What you should do
The required output is the exact run of lines from the one bearing "File:97-98 Mitsubishi Galant.jpg" through the final line of the listing below, with the pictures removed.

Data excerpt
--

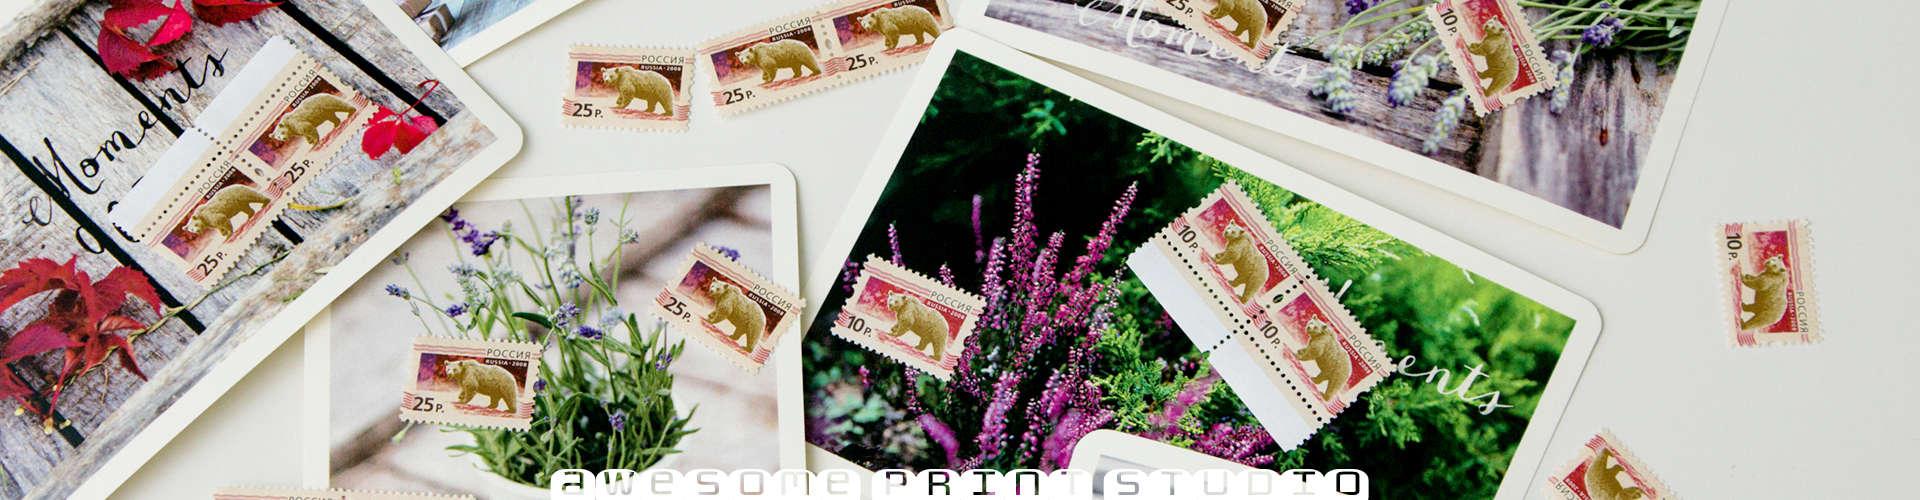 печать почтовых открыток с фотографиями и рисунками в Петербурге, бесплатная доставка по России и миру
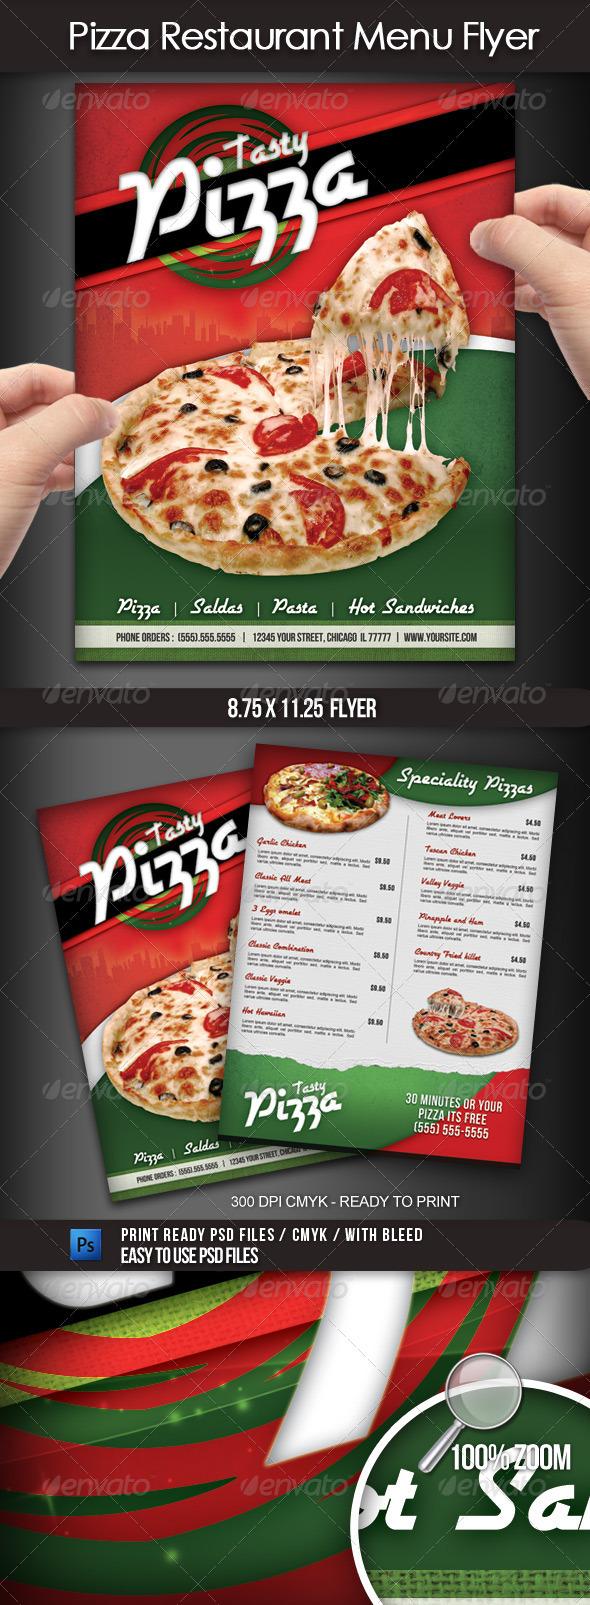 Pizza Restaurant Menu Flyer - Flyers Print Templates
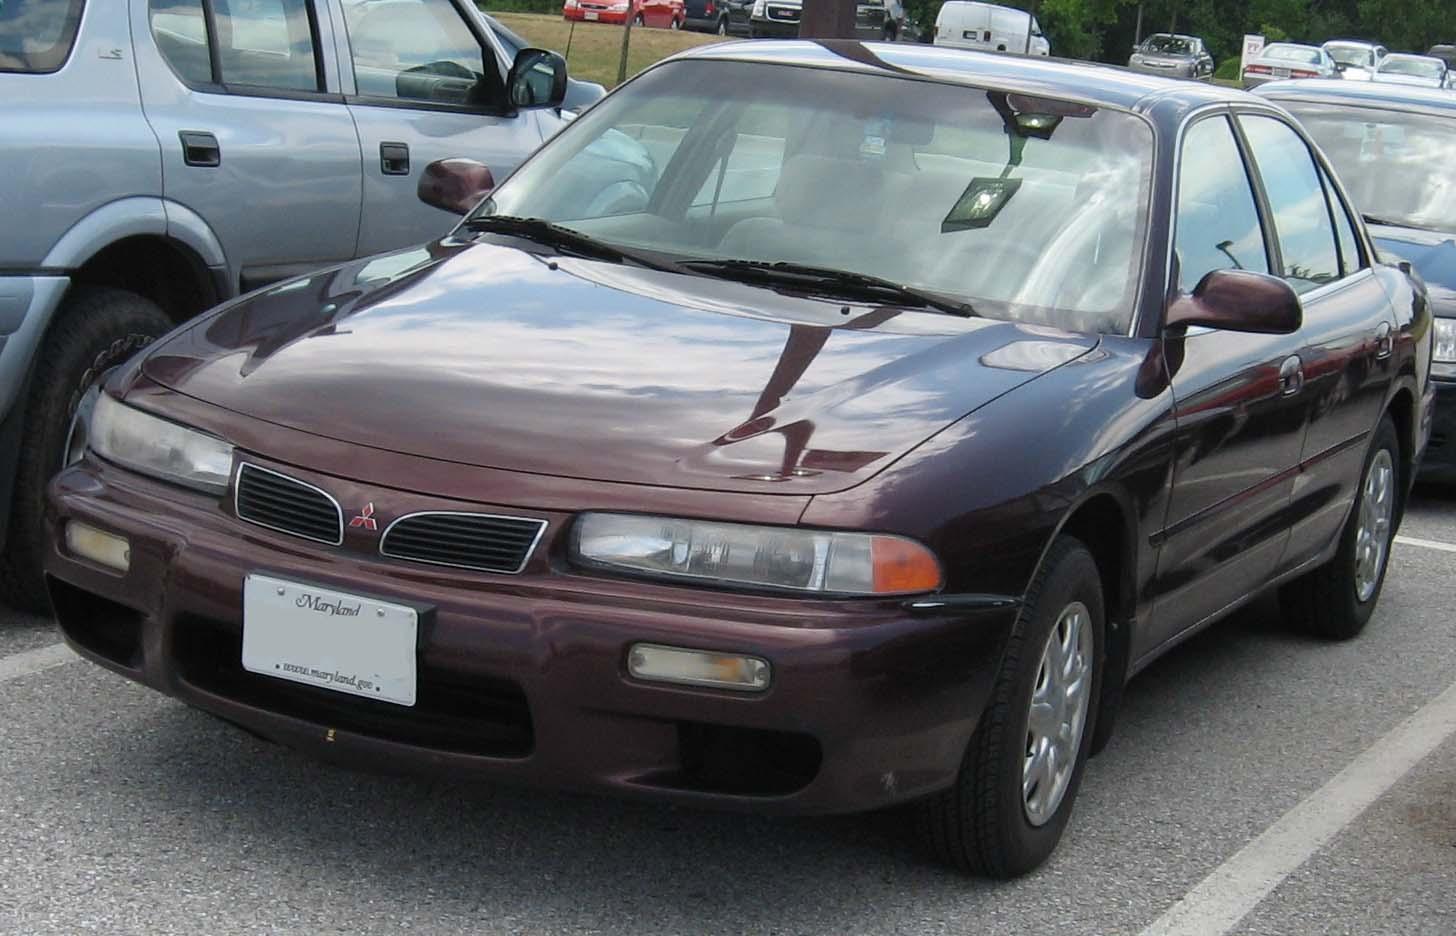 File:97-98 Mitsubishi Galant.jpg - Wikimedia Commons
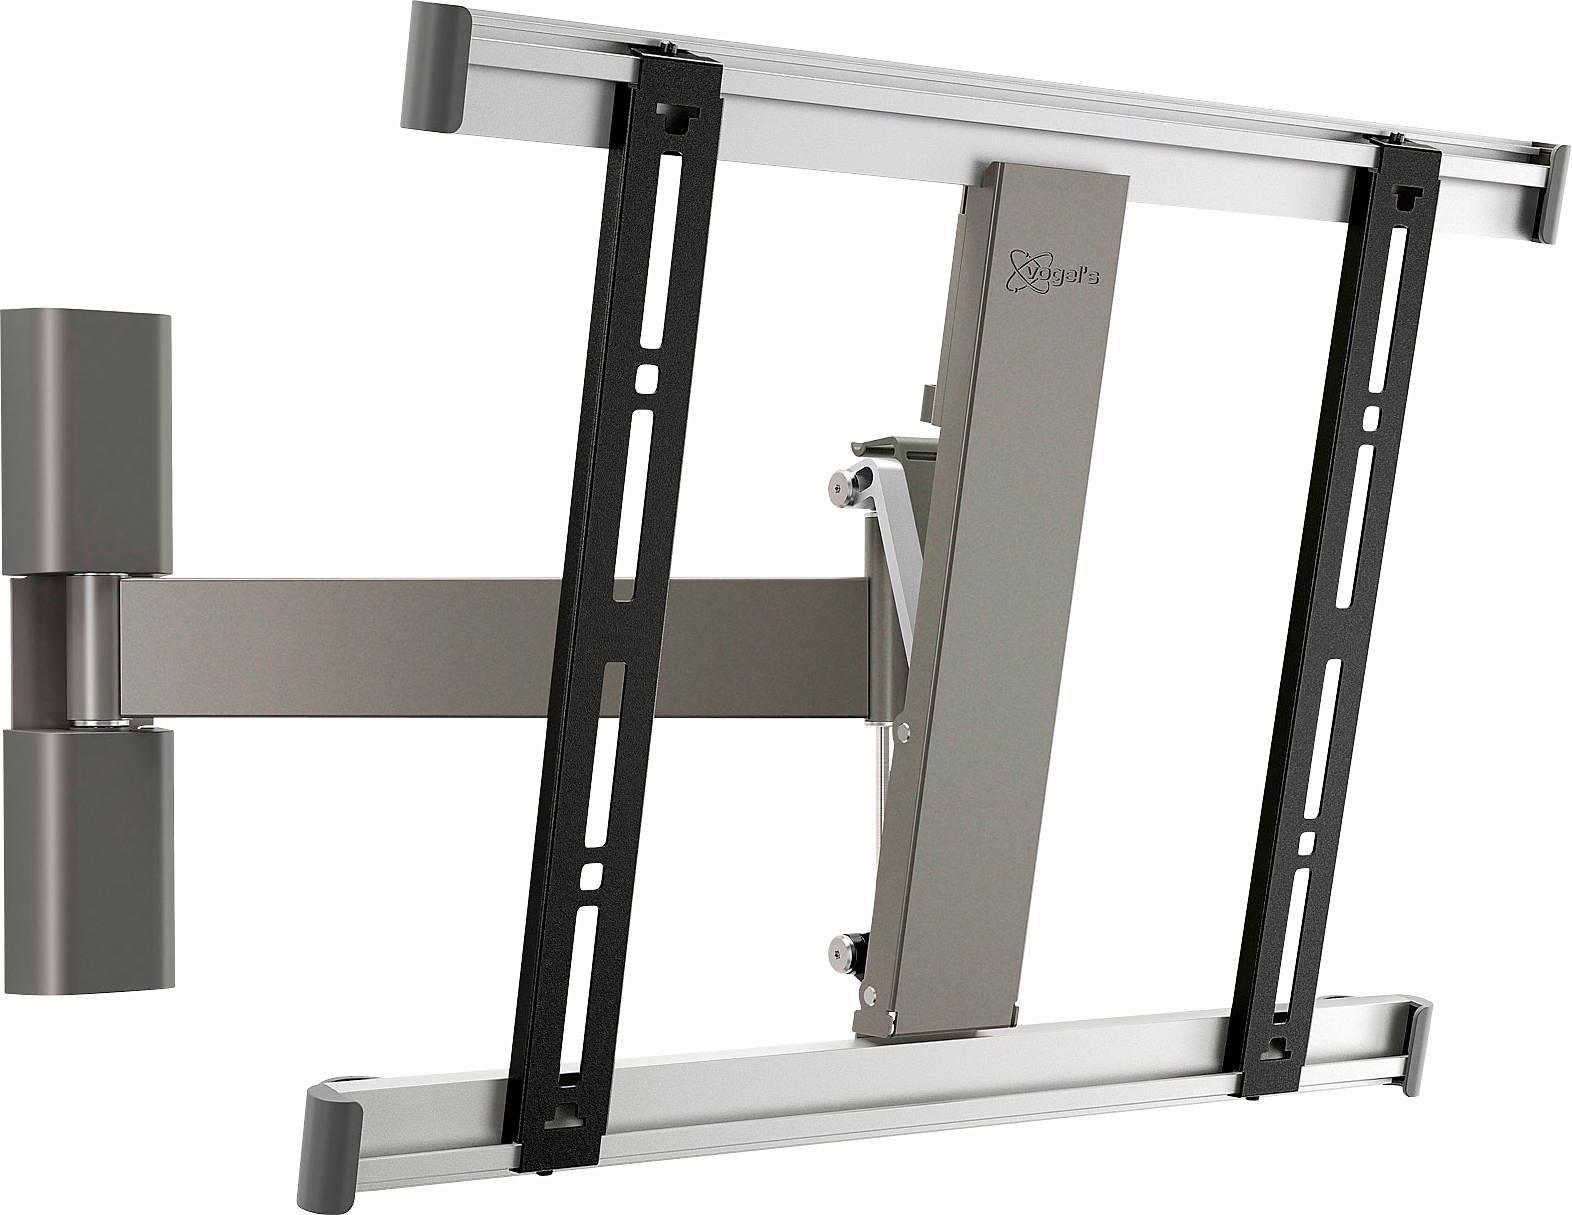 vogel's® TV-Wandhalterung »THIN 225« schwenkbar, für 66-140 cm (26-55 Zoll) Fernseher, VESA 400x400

--

Response area
 File:97-98 Mitsubishi Galant.jpg - Wikimedia Commons
 vogel's® TV-Wandhalterung »THIN 225« schwenkbar, für 66-140 cm (26-55 Zoll) Fernseher, VESA 400x400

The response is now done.